The Second Wife
Page 17
I register the present tense, wonder if it is significant. He certainly speaks as if they are still in contact, still part of one another’s lives. But on the other hand, in a place like this time effectively stops. I can imagine that the past few years might have felt like a drawn breath, little more than a necessary bridge between the past and the future. ‘My wife is loyal,’ I say tightly. ‘To those that she feels have earned it.’
Kaspar straightens up in his chair, looks a little incredulous. For the first time, I see him studying me with some genuine interest. ‘Forgive me,’ he says, ‘but I am not sure you have, in fact, explained why you are here.’ His tone is still light, but there’s a kind of veiled menace to it that makes my blood rise.
‘I’m here because I want to understand what happened back then,’ I say. I keep my voice as low and controlled as his, conscious of the official behind the door.
Kaspar frowns, tipping his head to one side and rubbing a finger across the smooth slash of his jawline. ‘Surely this does not matter now,’ he comments.
‘That’s what I’m trying to find out.’ I’m aware of an increasing sense of frustration, knowing this conversation isn’t being played out on an equal level. Without knowing for sure if he has any involvement, I don’t want to mention the fire, or the man in our house; it feels better to play dumb, assume that he has nothing against me. ‘Look, you and I don’t know each other. We have no animosity.’ I pause briefly, giving him the chance to contradict me, but he remains silent. ‘All I’m asking is for some information about the past that can cost you nothing to give. Anything you can tell me will help.’

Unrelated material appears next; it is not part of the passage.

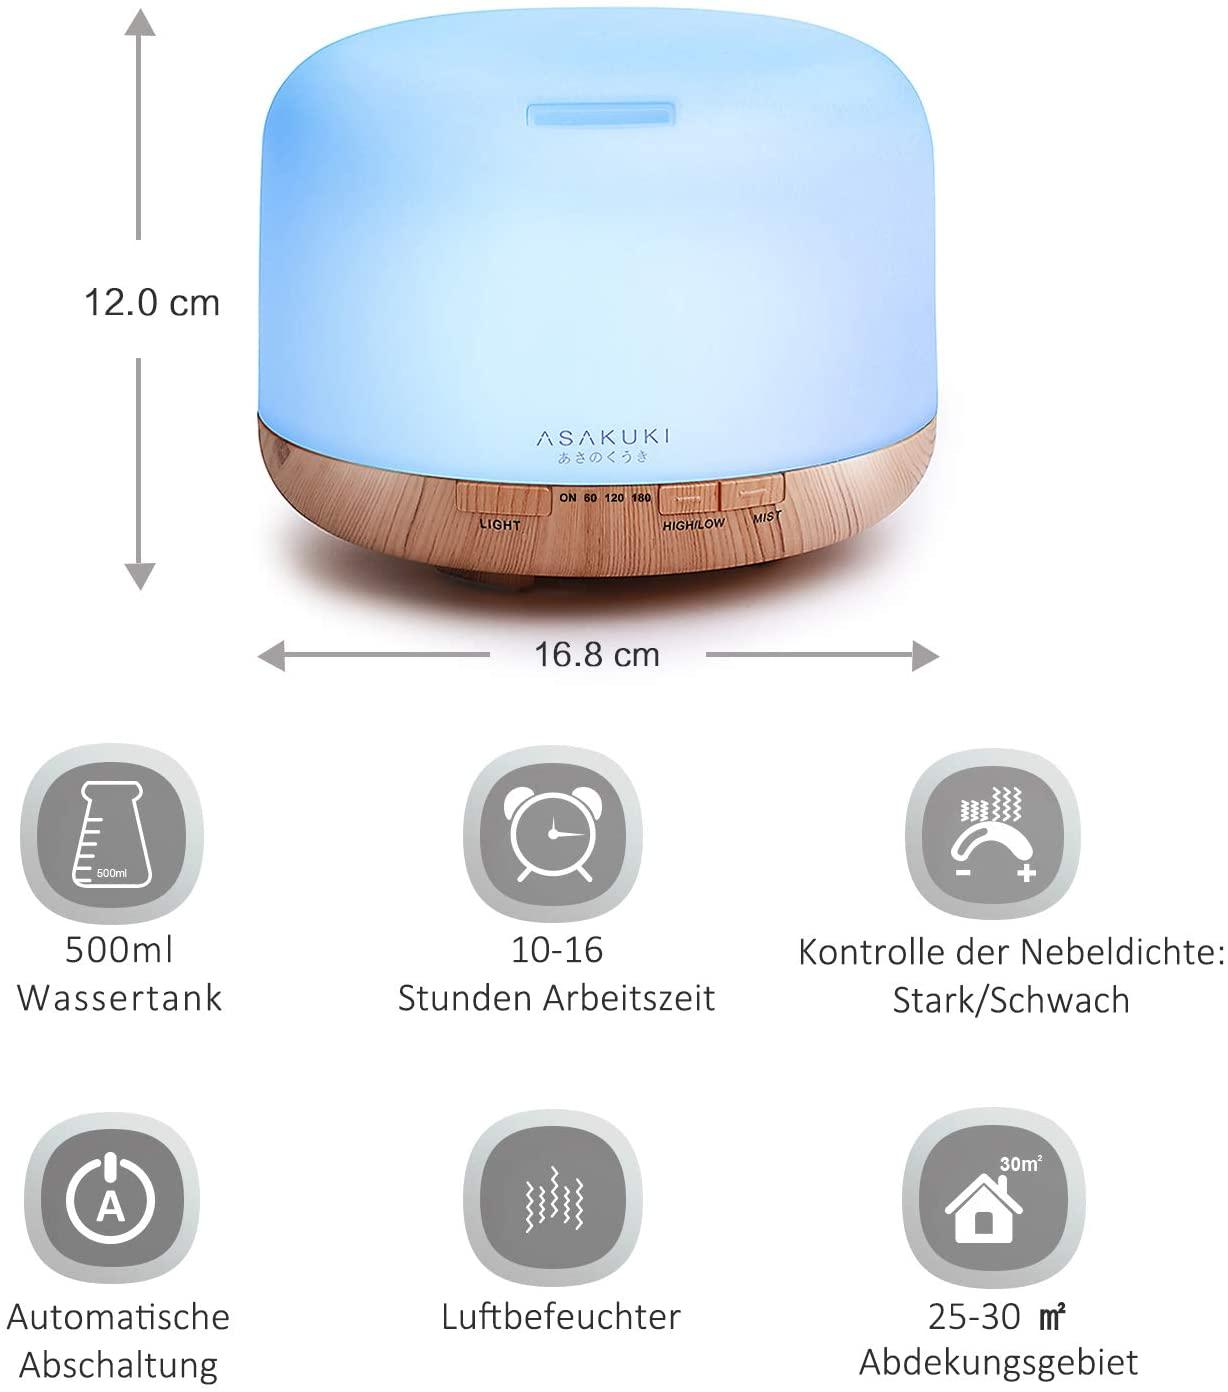 ASAKUKI 500ml Aroma Diffuser, Ultraschall Aromatherapie Diffuser für Ätherische Öle

Kaspar nods slowly, his eyes on mine. When he speaks his voice is calm, almost soothing. ‘My friend,’ he says, with a little tremor of irony, ‘I will tell you only that I am serving two life sentences for murder. I will be in here until the day I die. Not everyone is in a position such as mine, but everyone must serve their sentence. Even your wife.’
My heart is thumping, and I can feel the collar of my shirt damp against my neck. It’s something about the casual way in which he says it – the throwaway acknowledgement of what he’s capable of. ‘What does my wife have to do with this?’ I manage.
He shrugs faintly. ‘Nothing. Everything. She is not exempt from consequence.’
I realize with increasing despair that he’s playing with me. ‘She has a new life now,’ I say, trying to drag us back on to concrete ground. ‘She only wants to live her life with me and my daughter – our daughter – in peace.’
Another long pause, before he speaks again. ‘I cannot imagine,’ he says thoughtfully, ‘why you would think I would wish otherwise.’ He leans forward, those odd grey-silver eyes boring into mine. Now that he is so close, I can smell the heat that rises off his skin, a faint note of cinnamon and spice. ‘These things are so insignificant to me now,’ he says quietly. ‘What is done is done. Your wife is nothing to me anymore. My life is this.’ He gestures around at the four walls of the small room encircling us. ‘You would be surprised at how quickly everything else is extinguished.’
Despite the mildness of his expression, there’s an indefinable malice about the way he speaks, and about the closeness that he maintains between us. I force myself to stay motionless, not wanting to be the one to move back. It’s impossible to say if he is telling the truth. There is a frightening composure to this man that I sense I won’t crack. I had imagined a thug, coarsely direct and indiscreetly verbose, not this regal-looking foreigner who makes it so clear that each word he gives me is a gift that he could easily withdraw if he wanted to.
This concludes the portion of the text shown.